A normal process of investigating Java memory
We followed the way we did last time to analyze the memory usage,
Some figures first: container’s memory limit (12 Gi); container’s memory usage (11 Gi)
- check the JVM memory usage
We checked the Java process memory usage (3 Gi) and it was way lower than the app container memory usage (11 Gi)
The Java process was the main process running in the container, no other processes were consuming memory. - native memory tracking
We thought NMT can help us find some native memory leak, so we enabled the native memory tracking and checked different regions, all looked normal.
emmm, what do we miss?
Start from the beginning
Which memory are we talking about
Kubernetes will kill the container when it runs out of its memory limit, the metrics it uses are container_memory_working_set_bytes
& container_memory_rss
, the container will be killed if either of them exceeds the memory limit.
What’s in it
According to the metric collector cadvisor,
container_memory_rss
: The amount of anonymous and swap cache memory (includes transparent hugepages).working_set_bytes
: The amount of working set memory, this includes recently accessed memory, dirty memory, and kernel memory. Working set is <= “usage”. Units: Bytes.
cadvisor’s code:working_set_bytes = usage_in_bytes - memoryStat.inactive_file
cadvisor fetches this data from the cgroup memory stats in each container’s /sys/fs/cgroup/memory
folder, the lwn.net explains this data well.
1 | memory.usage_in_bytes # show current memory(RSS+Cache) usage. |
Based on this, the working_set_bytes
contains the page cache
and memory_rss
, we went to the container and printed the memory stats.
1 | bash-4.2$ cat /sys/fs/cgroup/memory/memory.stat |
The page cache
(cache) consumed almost 9 Gi memory, after excluding the total_inactive_file
(~480Mi), it’s above 8 Gi.
Page cache is allocated by the operating system to improve the performance of disk I/O, after some investigation, we found we had a big file written by the app without file rotation, at that moment, it reached 100Gi.
We truncated that file and the page cache dropped down to tens of megabytes.
A thorough check routine
This is the complete memory layout we have now, based on this, a thorough check routine will be
- Find a pod with the issue, get the metrics
- memory_usage_bytes
- working_set_bytes
- memory_rss_bytes
- Check if the file cache (working_set_bytes - memory_rss_bytes) is high
working_set_bytes - memory_rss_bytes
is the active page cache size, if it’s above hundreds of MBs or several GBs, it means I/O is quite heavy and OS improves it by caching file.
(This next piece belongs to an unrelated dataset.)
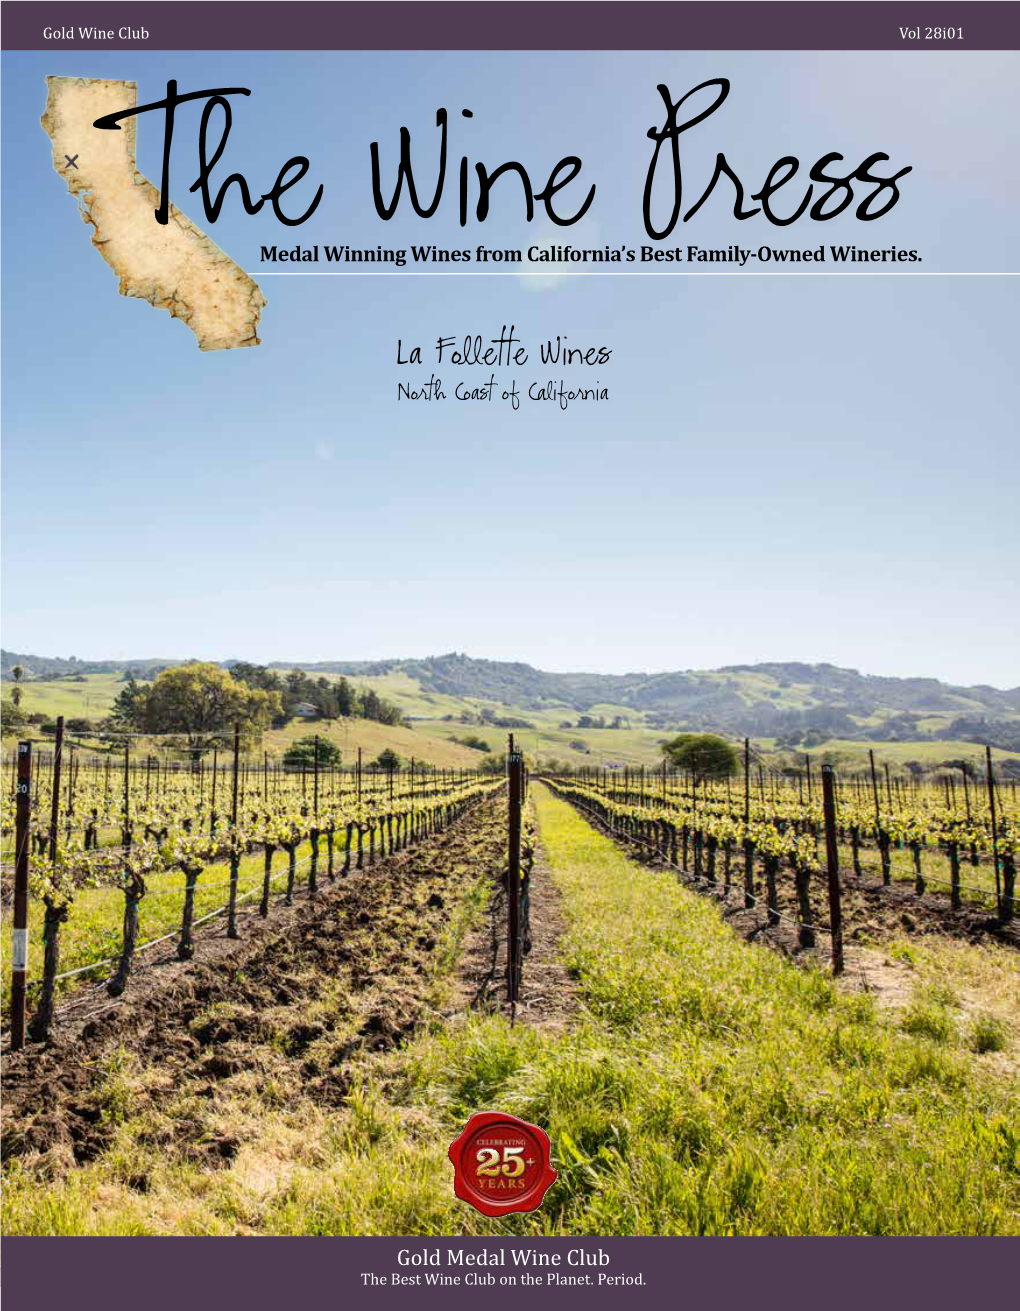 La Follette Wines North Coast of California

Sometimes, it’s reasonable but usually you need to check if it’s what you expect. - Check if the rss is equal to memory usage
If so, check the application metrics instead, JVM metrics, Golang metrics etc.
Otherwise, things are interesting again …
Conclusion
Now we know page cache can be an important contributor to the memory increase, therefore we need to monitor the page cache size.
In Cadvisor, it’s container_memory_working_set_bytes - container_memory_rss
, when the application is I/O intensive, the page cache can be high because the OS tries to improve the I/O efficiency, but for CPU intensive applications, take care of those unnecessary page cache.